Tomato Zucchini Pasta Easy (Print Version)

# Ingredients:

→ For the Pasta

01 - 12 oz pasta (spaghetti, penne, or fusilli)
02 - 2 tablespoons olive oil
03 - 2 medium zucchinis, sliced into half-moons
04 - 1 1/2 cups cherry tomatoes, halved
05 - 3 cloves garlic, minced
06 - 1/2 teaspoon salt
07 - 1/4 teaspoon black pepper
08 - 1/2 teaspoon red pepper flakes (optional)
09 - 1 teaspoon Italian seasoning
10 - 1/4 cup grated Parmesan cheese, plus extra for serving
11 - 1/4 cup fresh basil, chopped
12 - 1/2 cup reserved pasta water (if needed)

# Instructions:

01 - Bring a large pot of salted water to a boil. Add pasta and cook according to package instructions until al dente. Reserve 1/2 cup of pasta water, then drain and set pasta aside.
02 - While pasta is cooking, heat olive oil in a large skillet over medium heat. Add zucchini slices and cook for 3–4 minutes until tender but still crisp. Add minced garlic and sauté for 1 minute until fragrant. Add cherry tomatoes and cook for 2–3 minutes until they soften.
03 - Add cooked pasta to the skillet with zucchini and tomatoes. Sprinkle in salt, black pepper, red pepper flakes (if using), and Italian seasoning. Toss to combine, adding reserved pasta water as needed to help coat the pasta.
04 - Stir in grated Parmesan cheese and chopped basil, tossing until pasta is evenly coated and cheese melts.
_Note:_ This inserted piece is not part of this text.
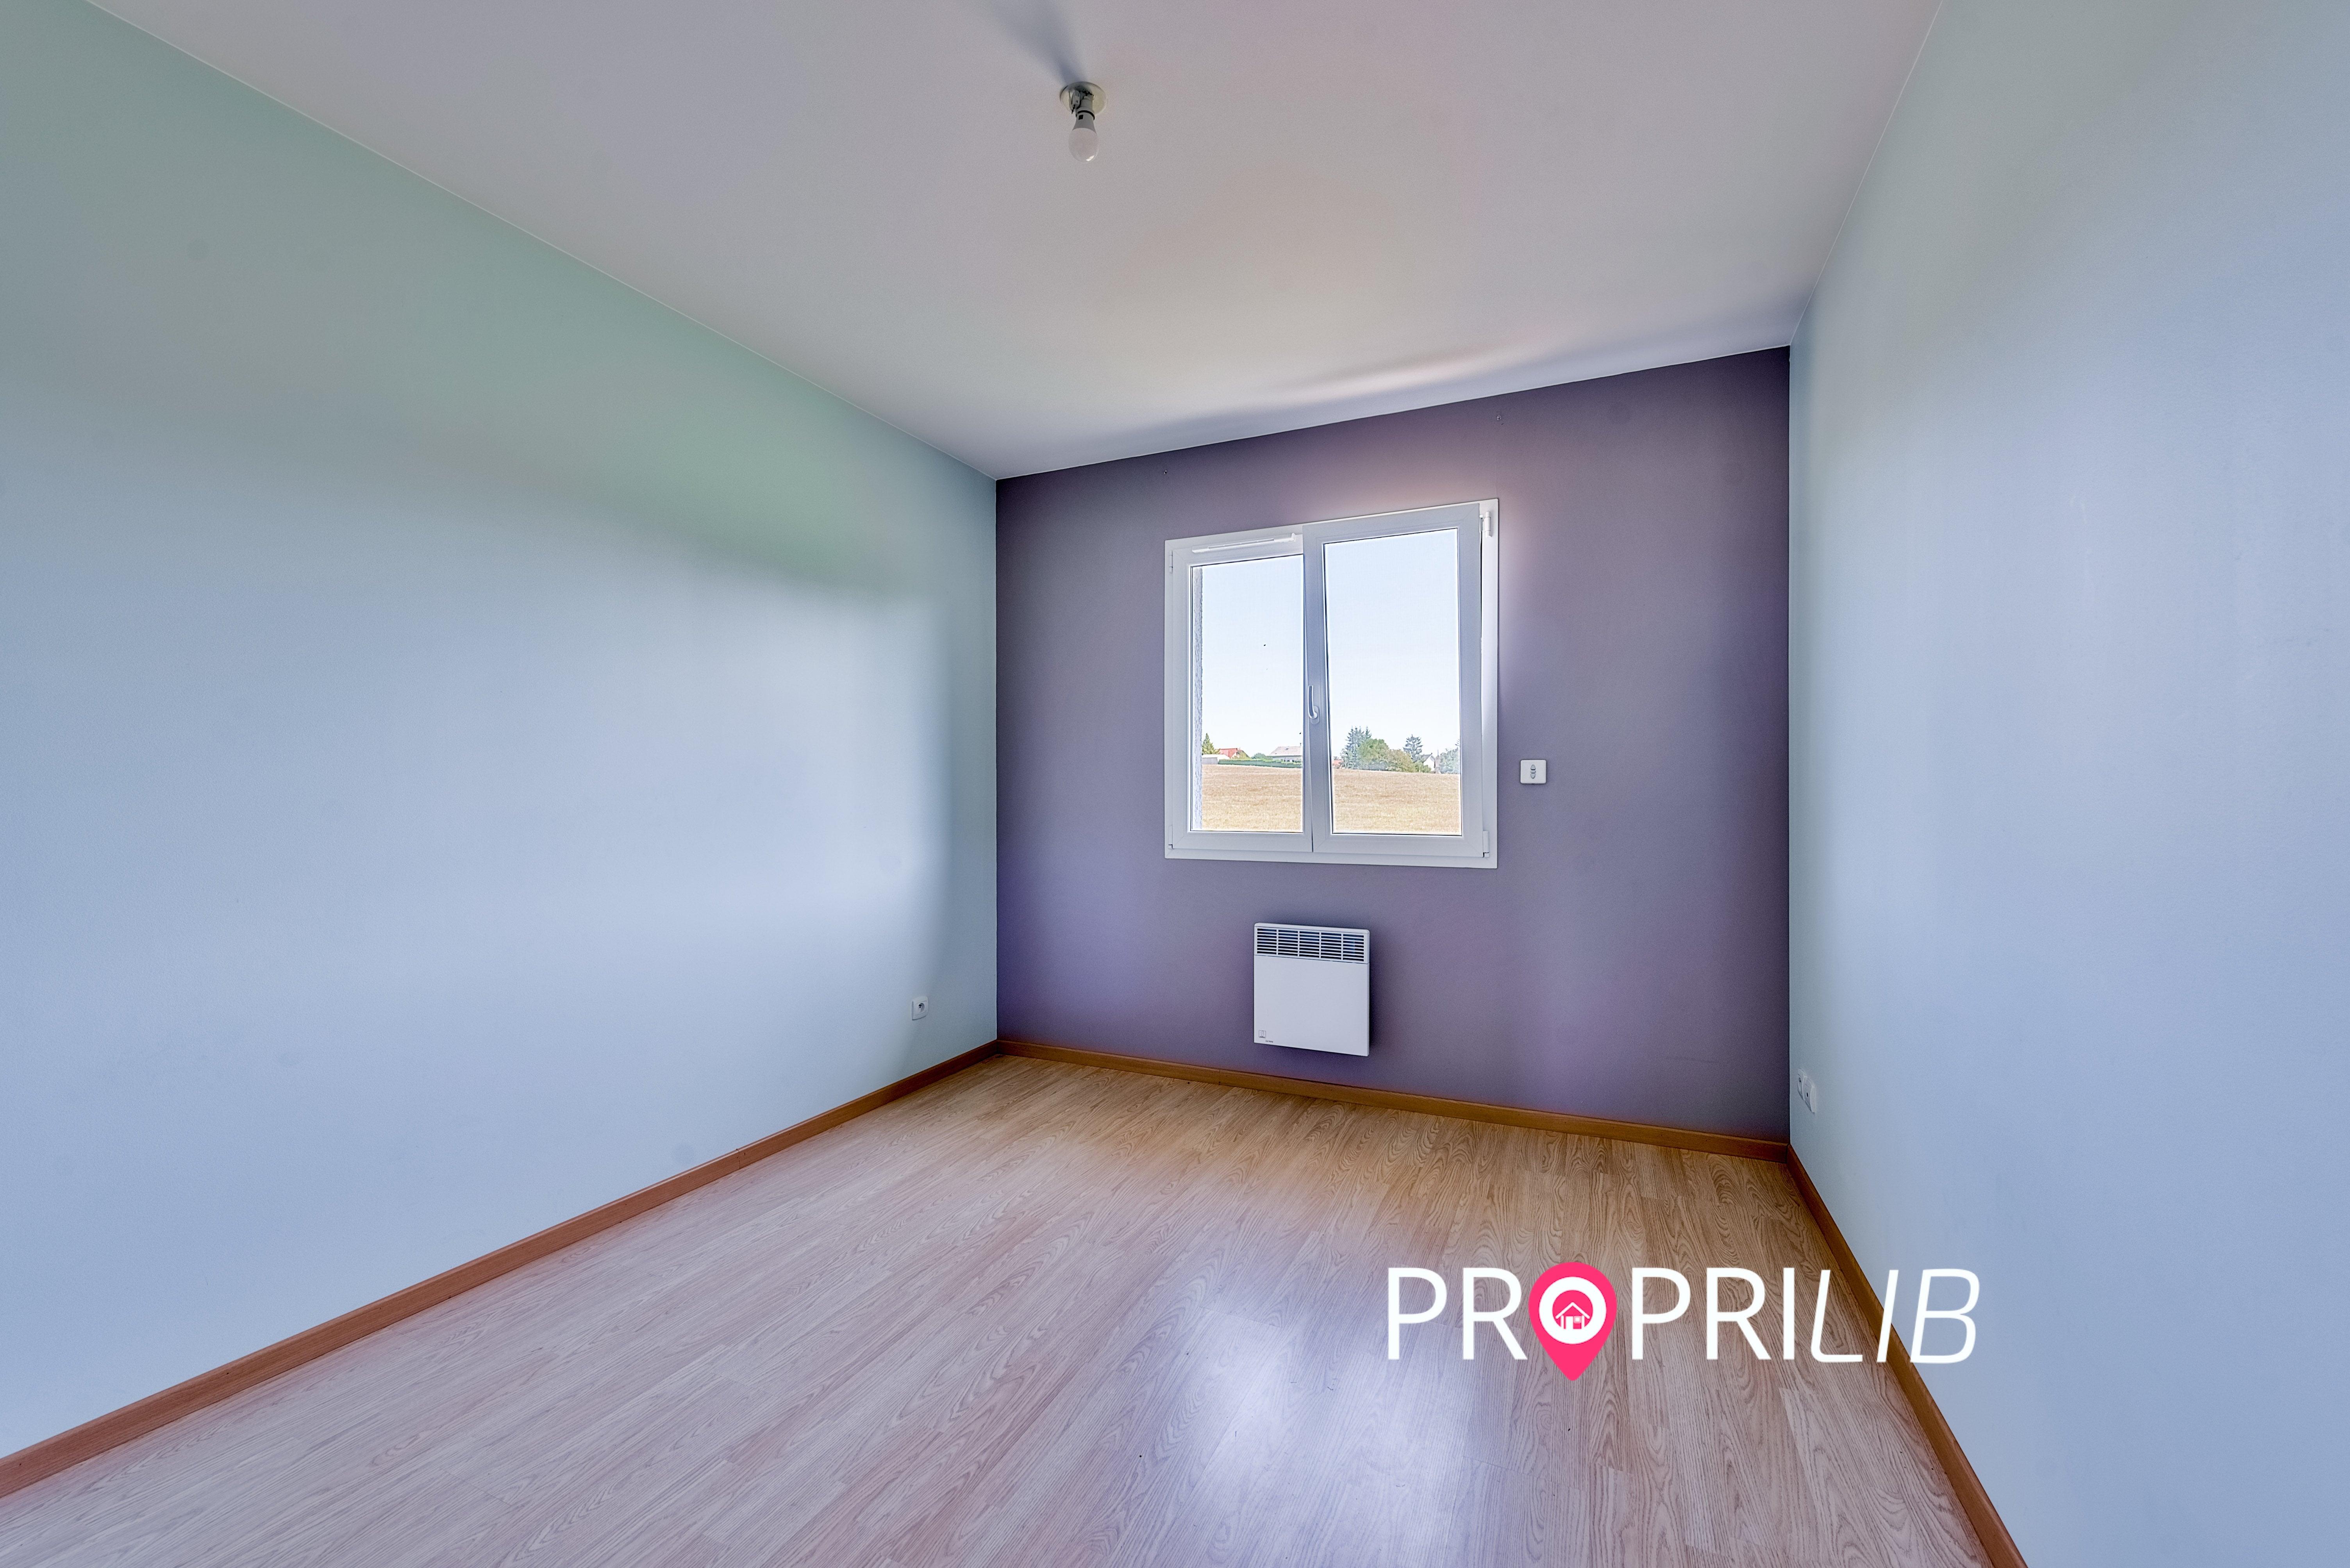 PropriLib l'agence immobilière en ligne au forfait vend cette maison à Meyrieu-les-Etangs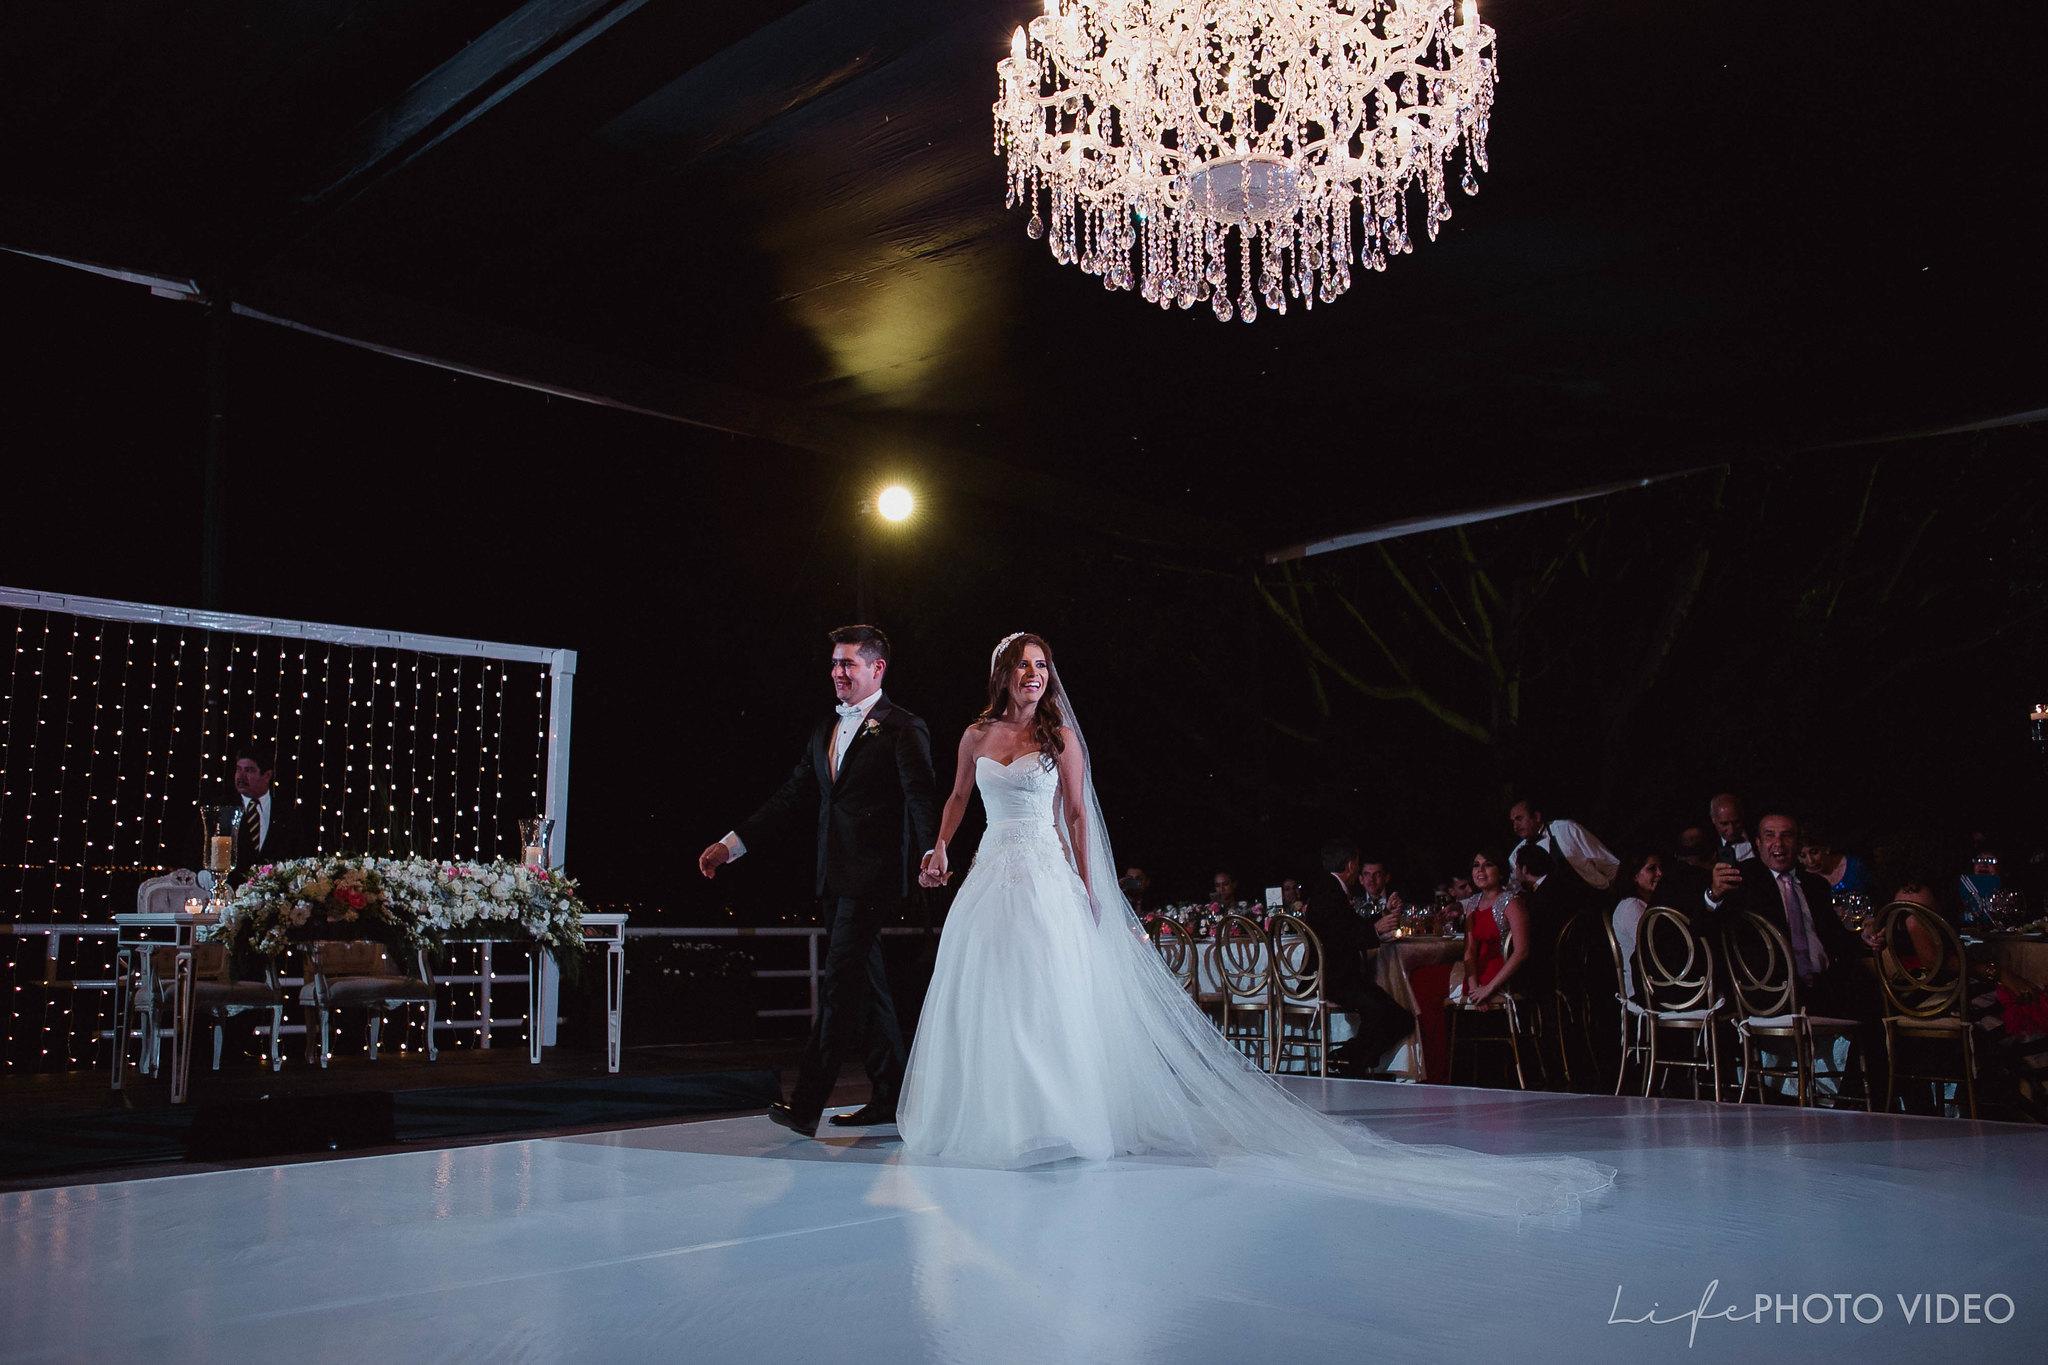 Boda_LeonGto_Wedding_LifePhotoVideo_0052.jpg

Divide onto plates and top with extra Parmesan and fresh basil if desired. Serve immediately.

# Notes:

01 - Extra vegetables such as bell peppers or mushrooms can be added for added texture and flavor.
02 - For a richer sauce, incorporate a splash of cream or a pat of butter along with the Parmesan cheese.
03 - To make the dish gluten-free, substitute gluten-free pasta.